Research

Our group is interested in the development of novel synthetic transformations for the construction of new molecular entities. In this process, we would like to use the commercially available and air stable reagents and if possible we recommend the use of reagents in catalytic amount (transition-metals and ligands). The transformations should be general with broad scope. We would like to demonstrate the asymmetric variant of the transformation.

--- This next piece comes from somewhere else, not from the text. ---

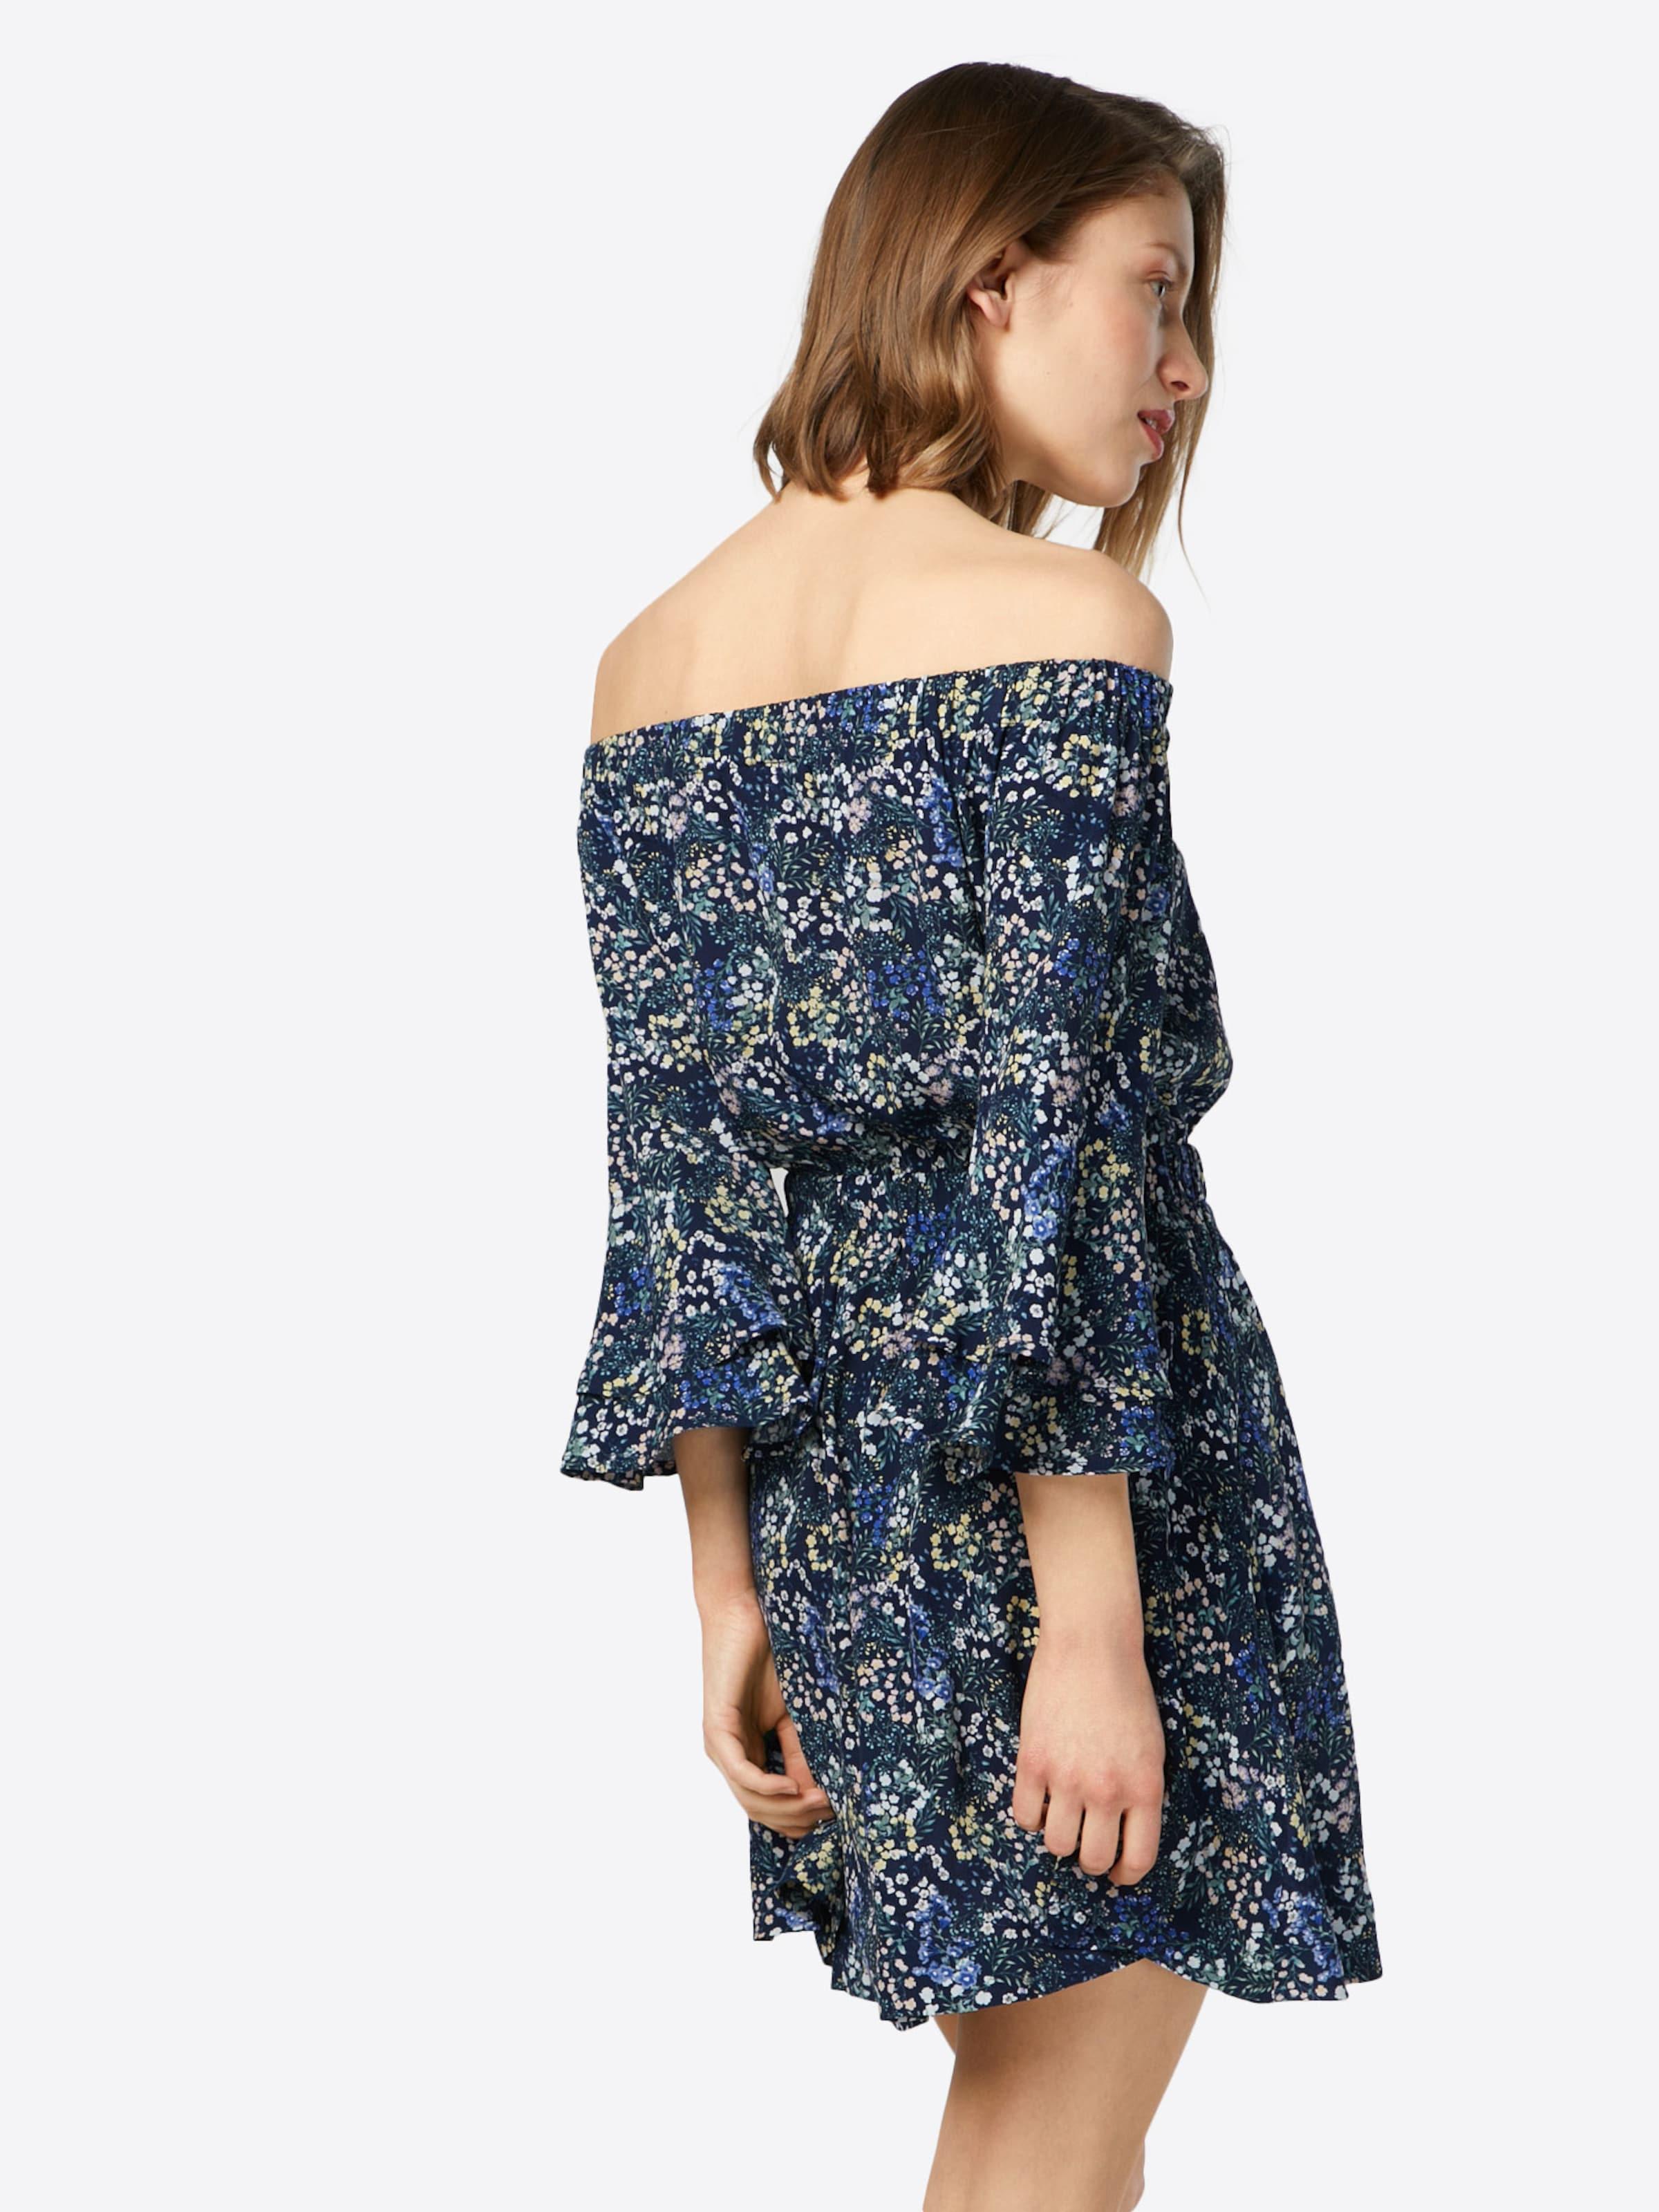 Freies Verschiffen Neue Stile Review Sommerkleid 'CARMEN' Shopping-Spielraum Online Webseite Zum Verkauf Rabatt Besuch Neu Rabatt Echte RgCm3

Our research program is pursued in the following areas:

Transition-Metal Catalyzed Organic Transformations:

A) Activation and Functionalization of Inert C-H Bonds:

Development of new directing group for the functionalization of C(sp2)-H and C(sp3)-H bonds. In this context, we have used sulfoximine directing group for the direct functionalization of C-H bonds. Most importantly, the sulfoximine moiety can be easily cleaved from the functionalized products and reusable. Moreover, formation of sulfoxide (a sole precursor of sulfoximine) in the reaction makes sulfoximine as a transformable directing group. We also investigate to address the challenges of chemo, regio, and stereoselective C-H functionalizations.

(B) Cross-Coupling Reactions:

We plan to execute iron and cobalt catalyzed cross-couplings between the organo-metal nucleophiles and the electrophiles. We are also interested in developing new catalysts for the stereoselective cross-coupling reactions. In this context, we work for the polyfunctionalization of olefins and alkynes.

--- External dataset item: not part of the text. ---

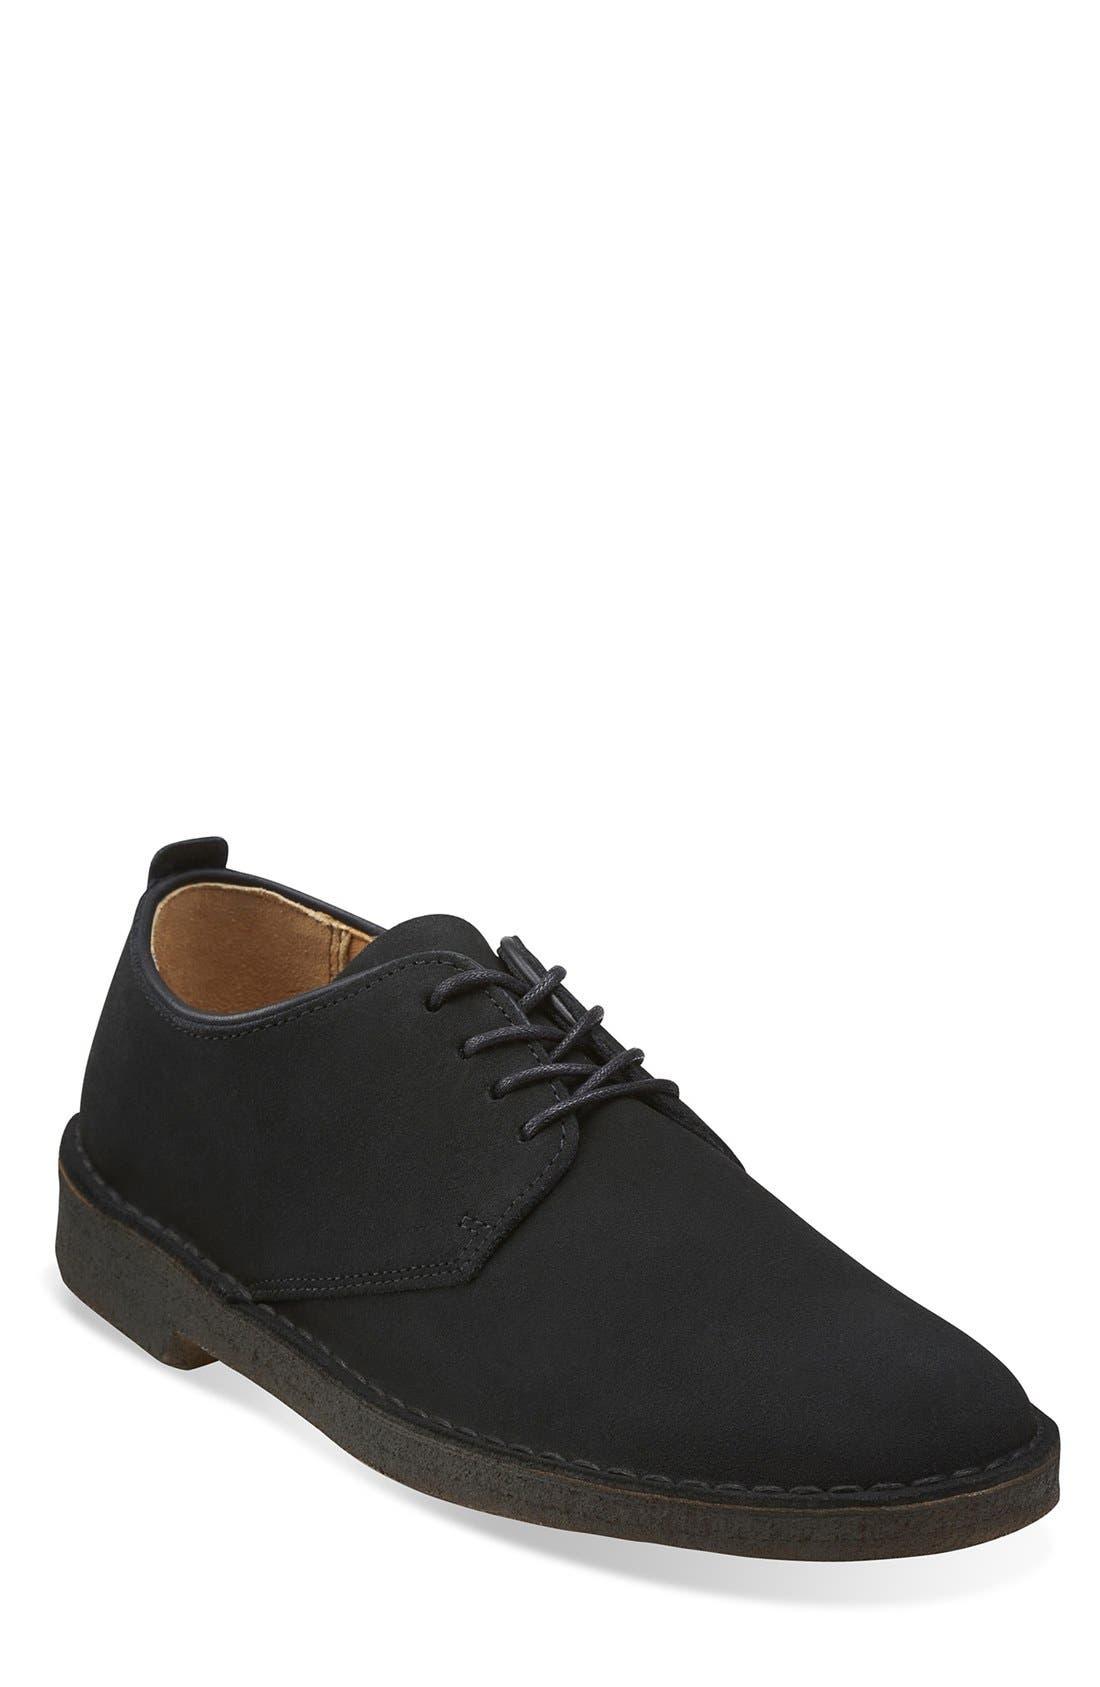 Clarks<sup>®</sup> 'Desert London' Plain Toe Derby,                         Main,                         color, Black Suede

Lewis-Acid Catalyzed Organic Transformations:

Lewis-acids are known to catalyze various complicated organic transformations. We are interested developing new and useful intermolecular mode of organic reactions catalyzed by the Lewis-acids with atom efficiency. The following research plans are envisaged :

(A) Activation of alkynes
(B) In-situ carbenoid generation
(C) Nitrene insertion
Development of novel synthetic transformations of the cyclization and cycloisomerization of ynamide scaffolds under gold-catalysis is the current research interest.

High Energy Materials:

Synthesis of Nitro, Nitrogen, Fluorine-Rich Organic Molecules:
Organic compounds with nitro/nitrogen/amino/azido/oxygen/fluorine-rich groups are usually considered high energy materials.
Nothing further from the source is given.